Recent years have seen the residents of Gaza endure a stifling blockade, collective punishment, and recurrent military attacks.

Noor Awad, 34, originally from Palestine but born and raised in Jordan, expresses feelings of ‘hopelessness’ with what is happening in Gaza. She and her family moved to Newcastle in 2015 to give their children a better life.

Noor Awad, 34, from Palestine

Noor Awad, 34, from Palestine

The mother of two said: “There will be more horrors to come as most countries are supporting Israeli war crimes but Palestinians will not be broken. They will persevere and prevail, it will be hard and will take time, but they will rebuild.

“I believe that each person who’s in solidarity with Palestine has so much power and can make a difference through posts, protests and boycotting.”

During the Nakba in 1948, her family, originally from Basin City in Palestine, sought refuge in Jordan. The Nakba is the forced displacement and loss of homes, land, and livelihoods for Palestinian Arabs during and after the 1948 Arab-Israeli war, leading to the establishment of Israel.

Awad said: “I hope that I can see my country is finally free and I have the right to return with all of the generations that have been refugees over the last 75 years.”

The 38 year old, Jason Hussein, from Gateshead, is an active member of Big Ride for Palestine. He has been cycling to raise money for Palestinian medical aid and refugee camps since 2016.

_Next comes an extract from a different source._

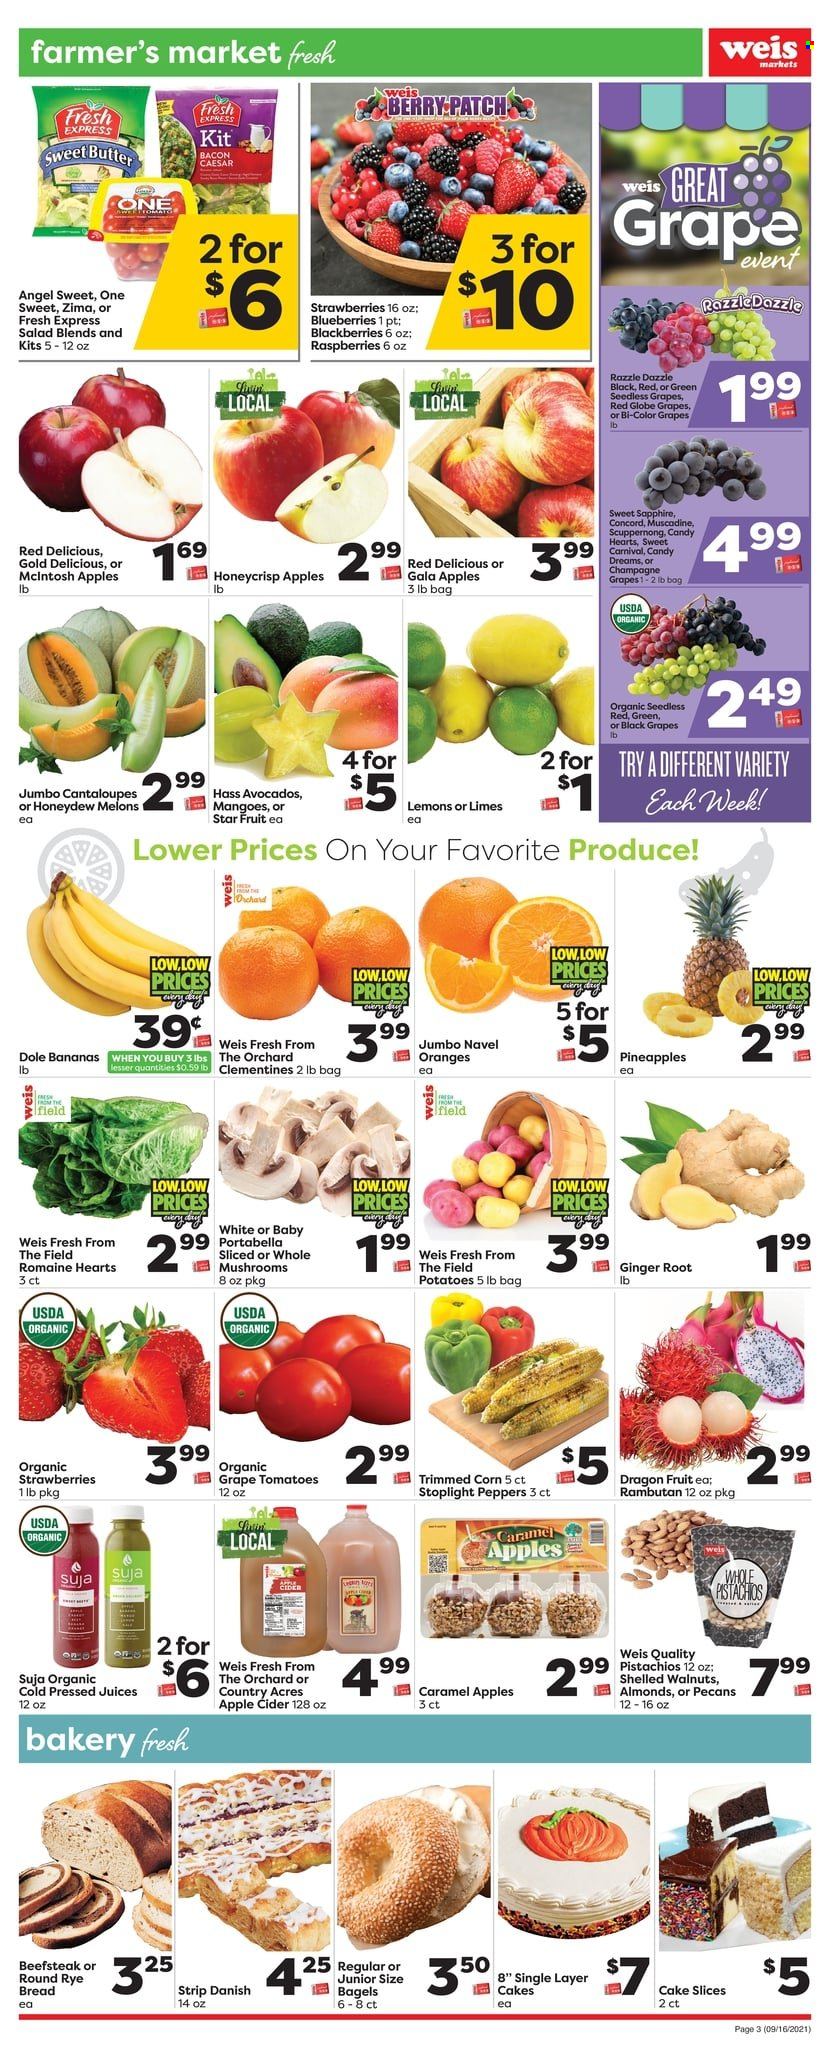 thumbnail - Weis Flyer - 09/16/2021 - 09/23/2021 - Sales products - mushrooms, seedless grapes, star fruit, bagels, bread, cake, cantaloupe, corn, ginger, tomatoes, potatoes, salad, Dole, peppers, avocado, bananas, blackberries, blueberries, Gala, limes, Red Delicious apples, Red Globe, strawberries, honeydew, pineapple, oranges, dragon fruit, bacon, butter, caramel, almonds, walnuts, pecans, pistachios, juice, champagne, apple cider, cider, clementines, melons, lemons, navel oranges. Page 3.

Jason Hussein,38, from Gateshead speaks at Palestinian protest in Newcastle

Jason Hussein,38, from Gateshead, speaks at Palestinian protest in Newcastle

Over the past few weeks, Jason has been in constant communication with his Palestinian father who is currently located in Jordan.

He said: “My dad said that what is happening in Gaza can have such a negative psychological impact on you and your soul.  You just feel hopeless as we are limited in what we can do. I’ve been so distracted, it’s hard to focus on normal life.”